BY HAITING HU
Dr. Chris Chao Su has recently joined COM as Assistant Professor in the Division of Emerging Media Studies. Dr. Su uses computational methods to explore how audiences take shape in Internet and mobile media environments. Currently, his research centers on audience consumption of digital media on a global scale. This week, we invited Dr. Su to talk about his research on mobile app consumptions and to share insight into mobile communication research.
Dr. Su’s work has been published in the Journal of Communication, New Media & Society, Journal of Broadcasting and Electronic Media, Journalism and Mass Communication Quarterly, Computers in Human Behavior, International Journal of Communication, and Asian Journal of Communication.
How did you first become interested in mobile communication?
Back to 2016, when I just passed my Ph.D. qualifying examination, an Augmented Reality gaming app suddenly was all the rage in the summer, regardless of generations and nationalities. AR mania was everywhere – a gathering of players, consciously and unconsciously getting together, holding their mobile phones to wave around – and, of course, I was one of them. You may guess what this mobile game is – Pokémon Go. My partner was so angry about my obsession with Pokémon Go that it even caused some arguments!
That was when I started to become interested in the field of mobile communication. And I am still deeply interested in some questions that I had in mind back then – what drove people, with such diverse sociodemographic backgrounds, to be physically present at random places? Did Pokémon Go, as a media technology, led to de-territorialization as the classic book No Sense of Place argued, or actually created a new sense of place like the giant digital LED screens in Times Square? Such pervasive mobile games like Pokémon Go further dispel boundaries between online and offline worlds but at the same time, the consumption of these mobile apps also reflect the patterns of people’s everyday life, or reflect shared personalities, behaviors, and media preferences of a certain group of people. Then, I couldn’t help to ask what factors affect the patterns of mobile media consumption in our everyday life and eventually lead to the creation of new sense!
I never thought that my interest with mobile communication and media audience would be established in the summer of 2016, just because of a short period of game addiction.
Could you please tell us a little about your research on mobile app consumptions?
My current research centers on mobile app use on a global scale. I focus on how mobile audiences consume apps using passively metered tracking data around the world. Empirically, my study compares audience networks of shared usage among demographic groups with structural and contextual variables, such as market shares and geo-linguistic distance, combining network analysis and traditional regression analyses. One article following this research line has been published on the International Journal of Communication, focusing on the similarities and differences of mobile app consumption in the Greater China area. A more comprehensive study that including more than the data from 155 countries is under development.
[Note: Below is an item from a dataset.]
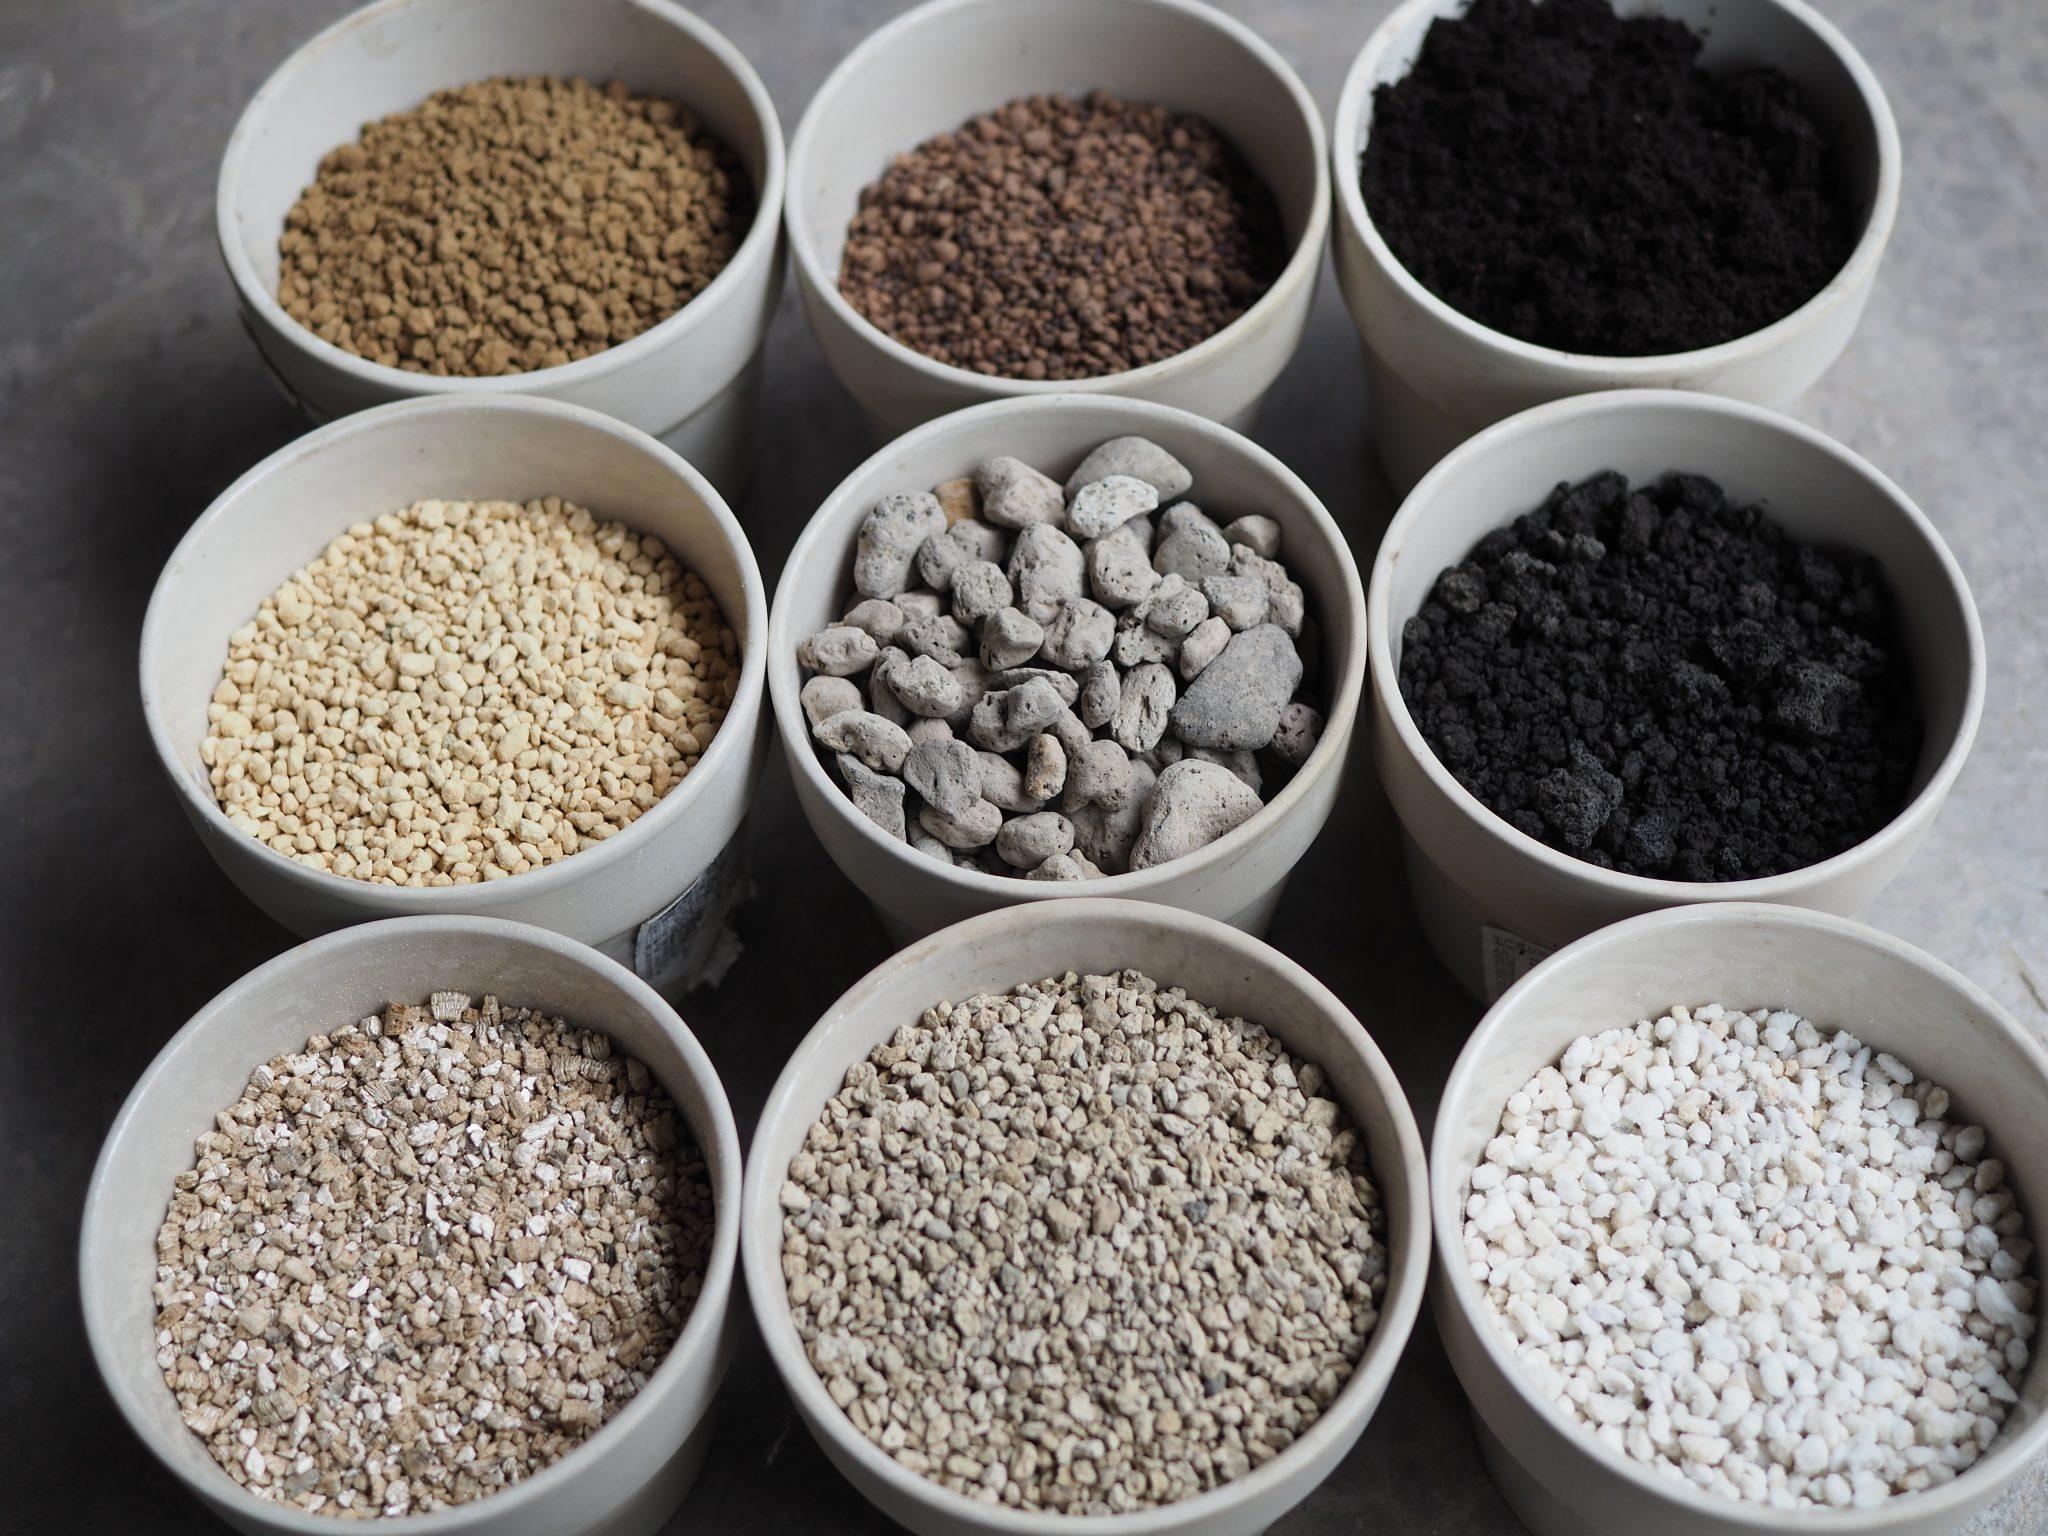 Вермикулит для растений вспученный: для чего нужен, как применять

Su, C.C. & Zhang, X. (2019). Circulating mobile apps in Greater China: Examining the cross-regional degree in App markets. International Journal of Communication, 13, 2355–2375.
What is the most prominent finding from this research?
I found that usage pattern in the global North dominates consumption patterns in other peripheral regions through developing a homogeneous digital infrastructure, but regional patterns differentiate in terms of content preference and cultural proximity. Also, my investigation illustrates that the prevalence of emerging media technologies, especially the mobile device, does not reduce the socioeconomic disparities in poor and minority regions but creates a “mobile Internet underclass” emerging from a growing global community of the mobile-only population. I contend that both cultural and institutional structures, such as language, geography and Internet infrastructures respectively, affect patterns of digital media consumption around the world.
How will this research contribute to future researchers and studies?
Many theories of global cultural consumption suggest that Western media dominate international flows because of institutional factors such as wealth and market size. Other theories claim that audiences consume culturally proximate products based on factors such as language and identity. My research provides an opportunity to simultaneously assess the power of both cultural and institutional factors in explaining media choice in the global app markets. To test these propositions, I employ network analysis, with a focus on aggregate audience behavior.